Posted: 05.31.2017 no comments

 

Read the entire article at World Environment Day.

 

In 2015, engineering student Jorge Zapote and his team from the University of Calgary decided to take on a problem that affects millions of poor, rural families around the world – and one whose solution could be key to remedying climate change. They wanted to find a low-cost way of keeping fruit and vegetables cool and fresh in low-resource settings without using electricity.

 

 

In his recently released book Drawdown: The Most Comprehensive Plan Ever Proposed to Reverse Global Warming, Paul Hawken concludes that the most important way to reduce greenhouse gases by 2050 is to phase out chemical refrigerants – and that cutting food waste ranks third among solutions. So creating an electricity and chemical-free refrigerator that prevented food waste would be a big step towards reversing global warming. But how even to begin to design a device that would help solve such pervasive, complicated issues?

 

Using biomimicry – an innovation approach that looks to living systems for clues on how to create sustainable, life-friendly designs – Zapote and his team created WindChill, a low-cost, electricity-free way to store fresh food. By studying and emulating how coral, kangaroos, elephants, and meerkats regulate temperature, they were able to develop a device that uses a combination of outside air, water, and an evaporation chamber to keep food cool. The design won first place in the 2015 student Biomimicry Global Design Challenge, and they are now working to bring their design to market in the Biomimicry Accelerator, a program developed by the Biomimicry Institute and sponsored by the Ray C. Anderson Foundation.

 

This is just one of thousands of examples of how innovators are unlocking clues from the living world to rethink how we design products, materials, and systems. Biomimicry provides a new lens that clarifies a path toward sustainable – maybe even radically sustainable – design. Instead of toxic dyes, biomimicry shows us how to create colour using nanostructures, just like the wings of the beautiful morpho butterflies or the hair of the blue tarantula.

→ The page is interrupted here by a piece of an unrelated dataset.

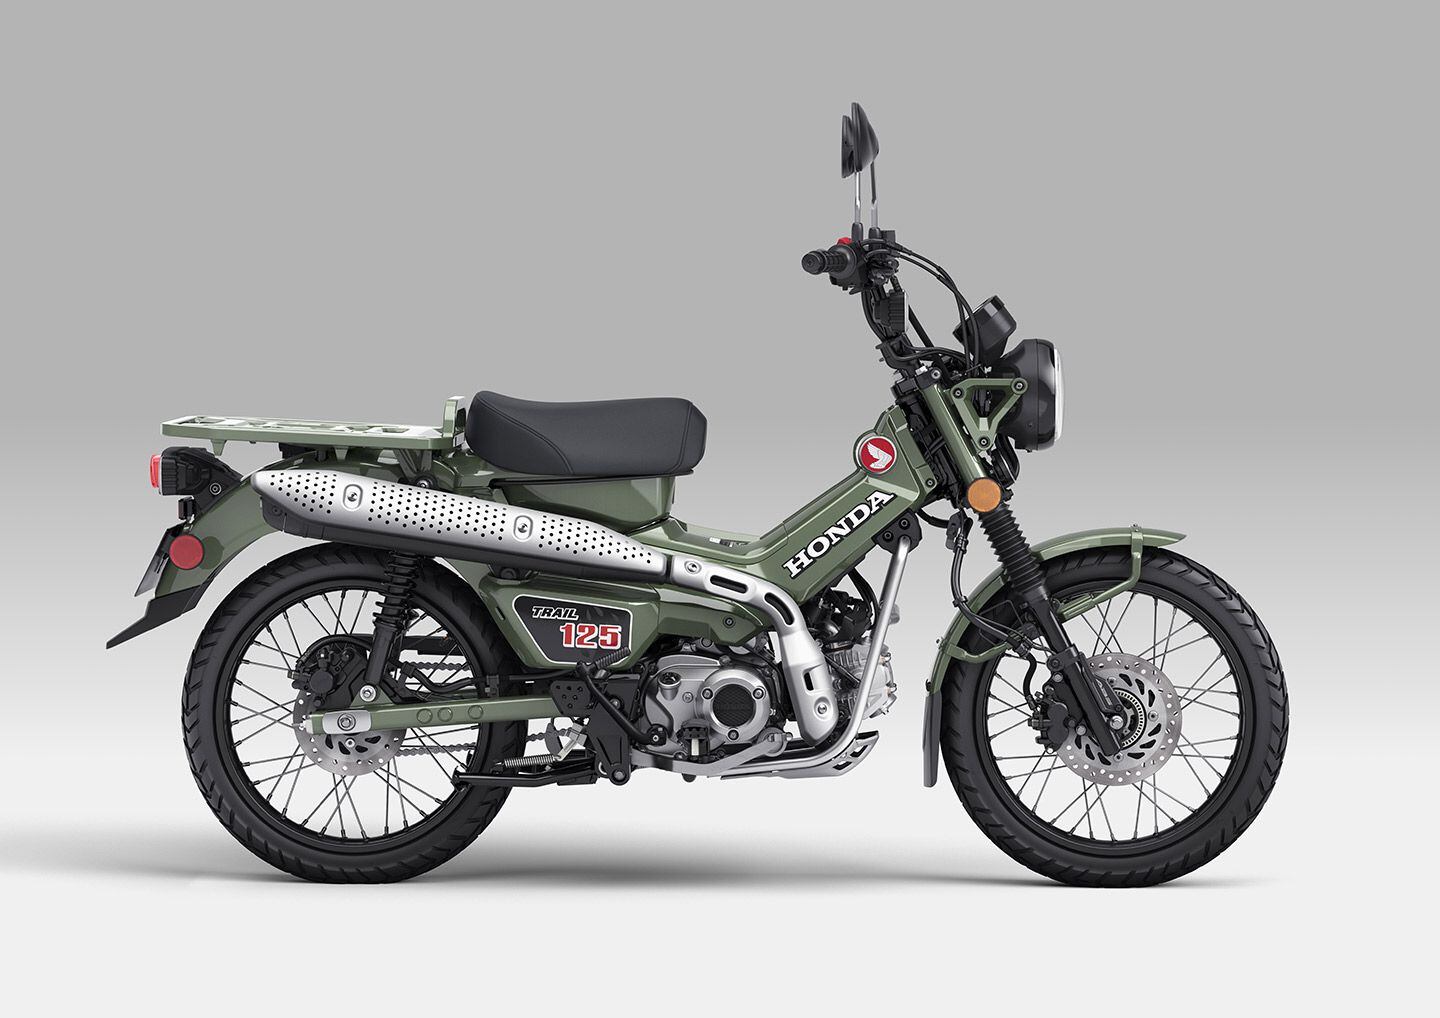 The Trail125’s engine that’s plucked from the 2022 Super Cub has the Japanese-market C110’s bottom end and the Grom’s single overhead cam, two-valve top end. The Trail’s muffler may look the same as it did in 2022, but the internals have been revised.

In place of fertilizer and chemicals, biomimicry points to mimicking how some plants in harsh, mountainous regions pave the way for new species to grow. And living organisms can also inspire entrepreneurs to come up with more efficient, lower-cost technologies, such as NBD Nano’s surface coating solutions inspired by water-repelling and water-attracting structures on the body of the Namib Desert Beetle. There is no end to what we can come up with if we learn how to tap into nature’s treasure trove of answers.

 

We’re just beginning a colossal shift from technologies and systems that ransack the dwindling supply of natural resources to ones that tread lightly on – or even restore – our shared planet. Nature contains millions of time-tested examples of technologies that run on renewable energy, use life-friendly materials, are locally attuned, and reward cooperation. The good news is that all the tools and inspiration we need are right outside our doors, if we can learn how to look for them.